Personal information
- Date of birth: 11 April 1898
- Place of birth: Beswick, Manchester, England
- Date of death: 4 April 1978 (aged 79)
- Place of death: Rochester, Kent, England
- Height: 5 ft 8 in (1.73 m)
- Position(s): Outside left

Youth career
- Ancoats Lads Club

Senior career*
- Years: Team / Apps / (Gls)
- 1920–1921: Derby County / 0 / (0)
- 1921–1923: Burton All Saints
- 1923–1924: Southampton / 18 / (0)
- 1924–1925: Southend United / 37 / (1)
- 1925–1926: Southport / 42 / (5)
- 1926: Doncaster Rovers / 9 / (0)
- 1926–1929: Barrow / 97 / (13)
- 1929–1930: Chorley
- –: Ulverston Town
- –: Chorley
- –: Morecambe
- –: Rolls-Royce Welfare

= Elias MacDonald =

English footballer

Elias MacDonald (11 April 1898 – 4 April 1978) was an English footballer who played at outside left for various clubs in the 1920s.

==Football career==
MacDonald was born in Beswick, Manchester and played his early football for Ancoats Lads Club, as well as representing Manchester Schools. After leaving school, he was employed by Rolls-Royce at Derby from where he joined Derby County in 1920, although he made no first-team appearances. The following year, he joined Burton All Saints where he was spotted by a scout from Southampton.

Described as a "fine winger", he joined Southampton in May 1923, making his first-team debut in a Second Division match at home to Barnsley on 19 January 1924, when he replaced the injured Jimmy Carr. MacDonald retained his place on the left wing for the remainder of the season, in partnership with Cliff Price, but failed to score.
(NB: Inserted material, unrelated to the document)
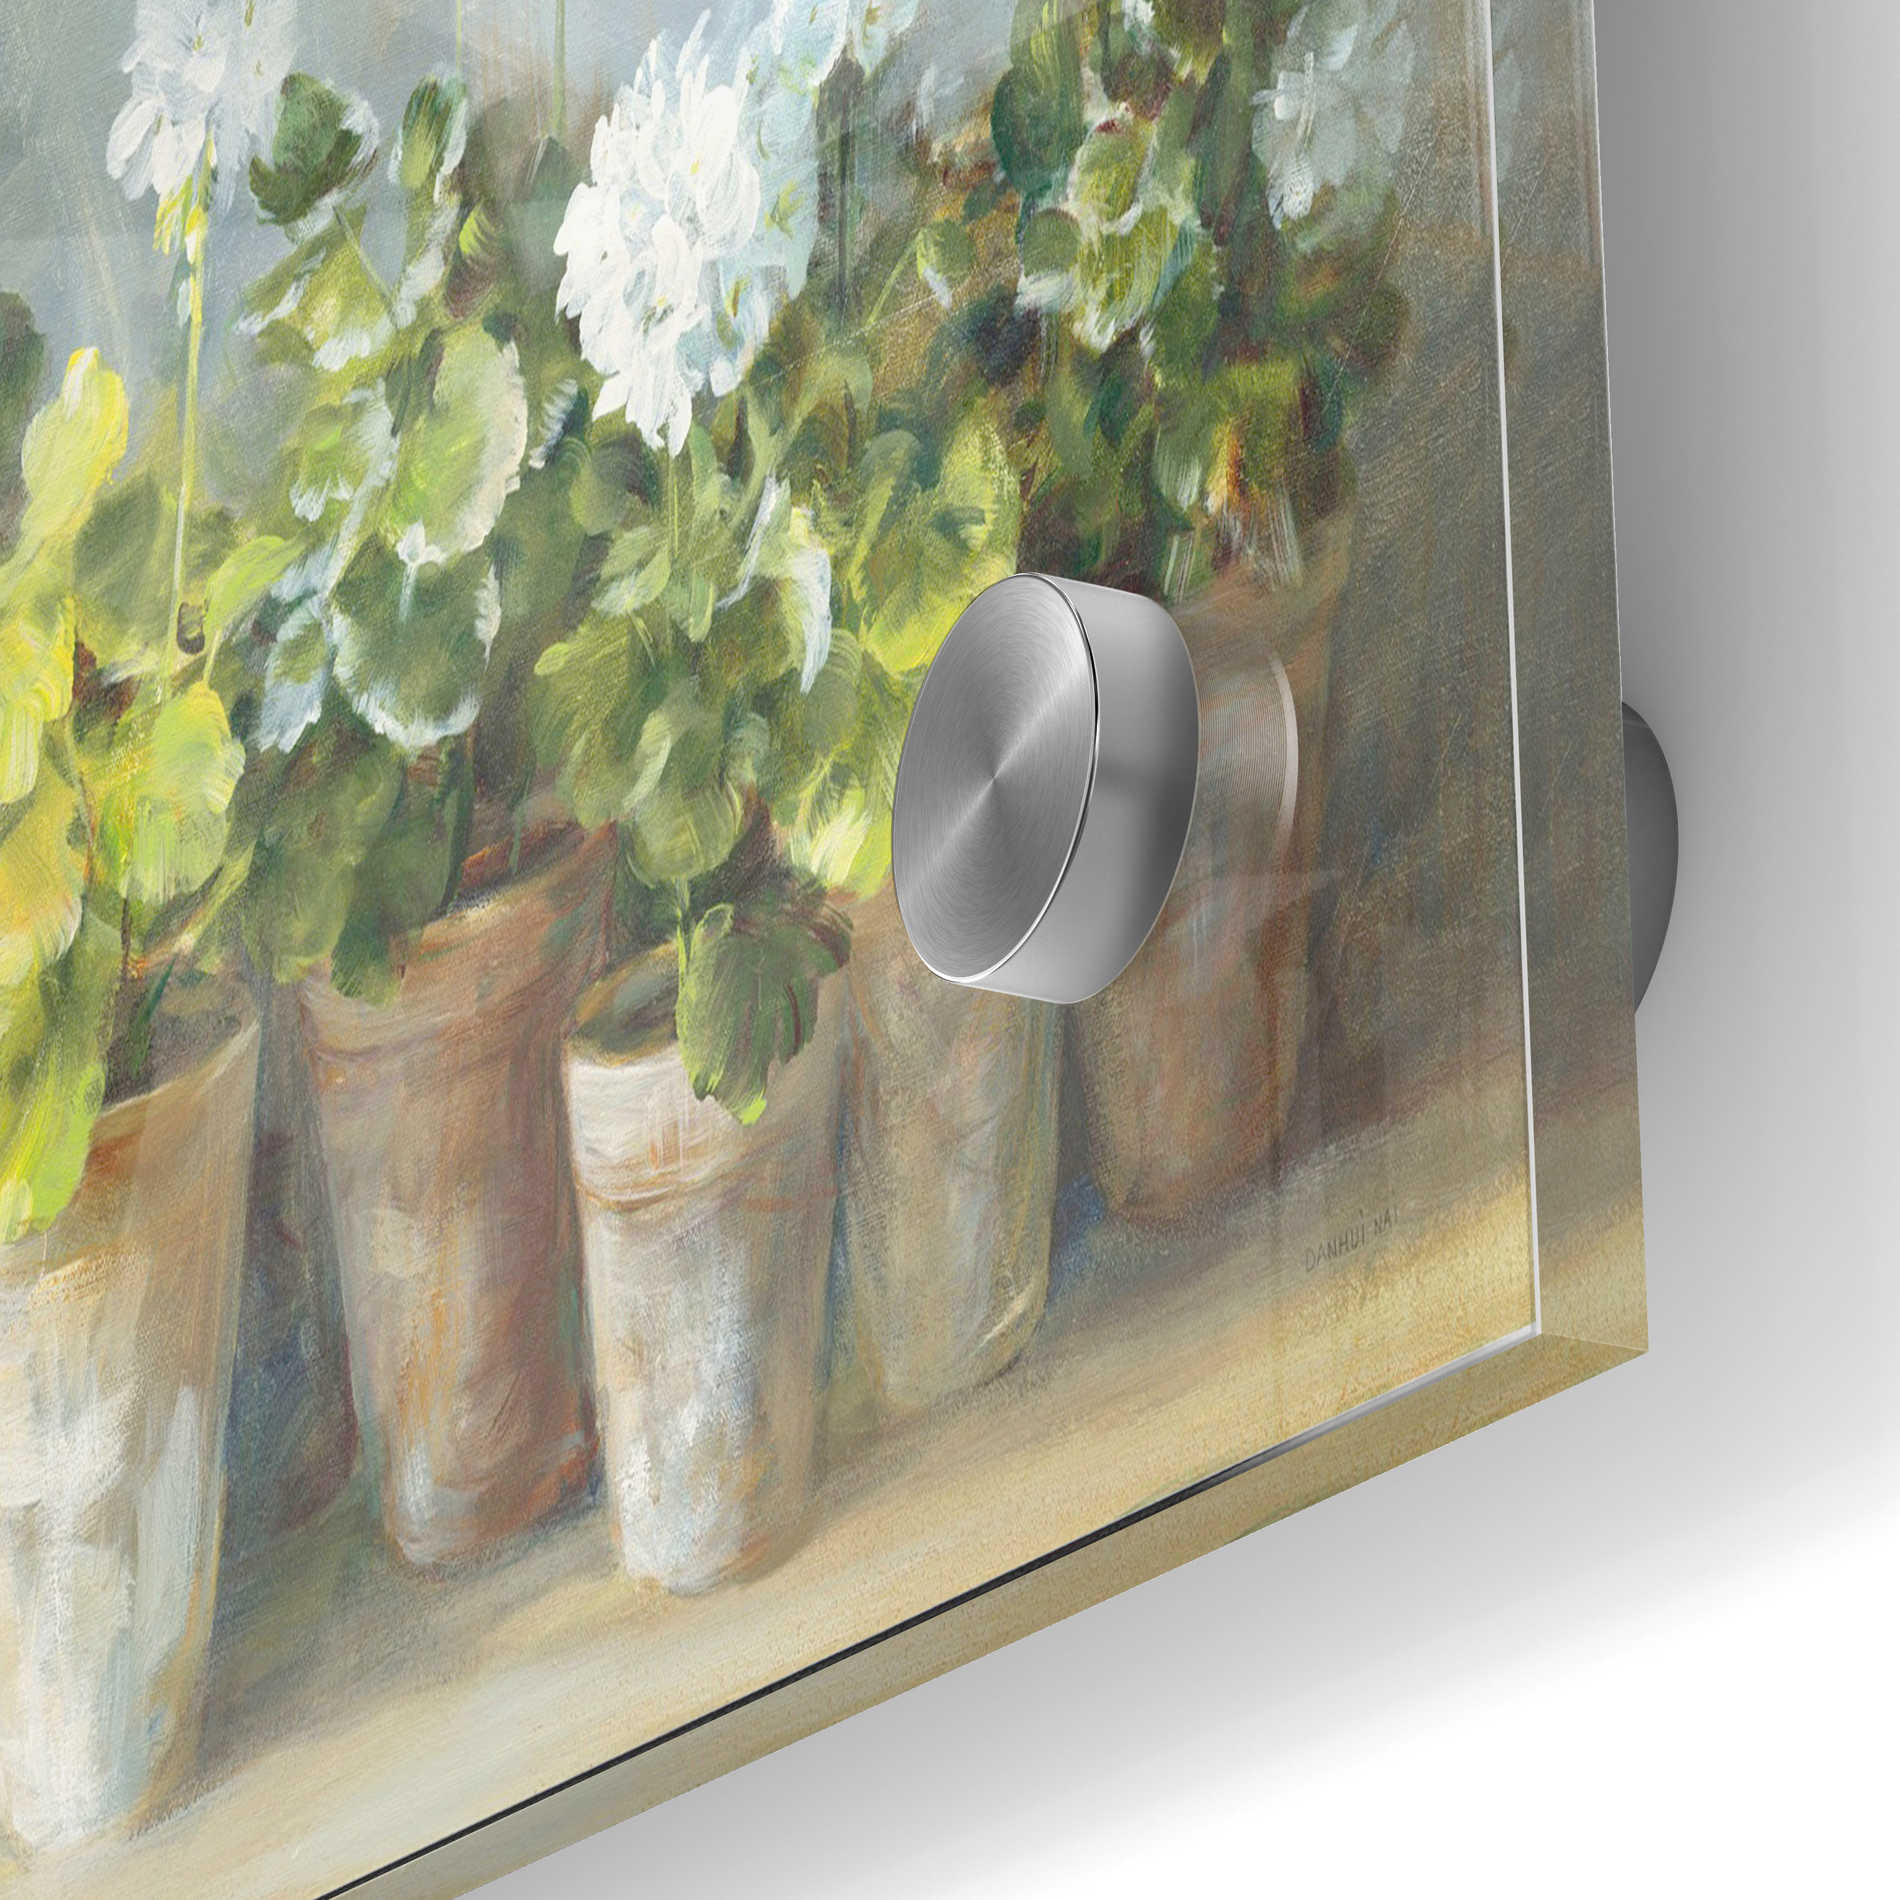 Epic Art 'White Geraniums Crop' by Danhui Nai, Acrylic Glass Wall Art,24x36

At the end of the season, he was placed on the transfer list at a fee of £250, but in June he moved to Southend United of the Third Division South, with the fee being waived.

After a season at Southend, MacDonald moved to the Third Division North with Southport and then Doncaster Rovers, before settling at Barrow in December 1926. Over the next three seasons, he was a virtual ever-present making 100 appearances for the Cumberland club before dropping down to non-league football in 1929.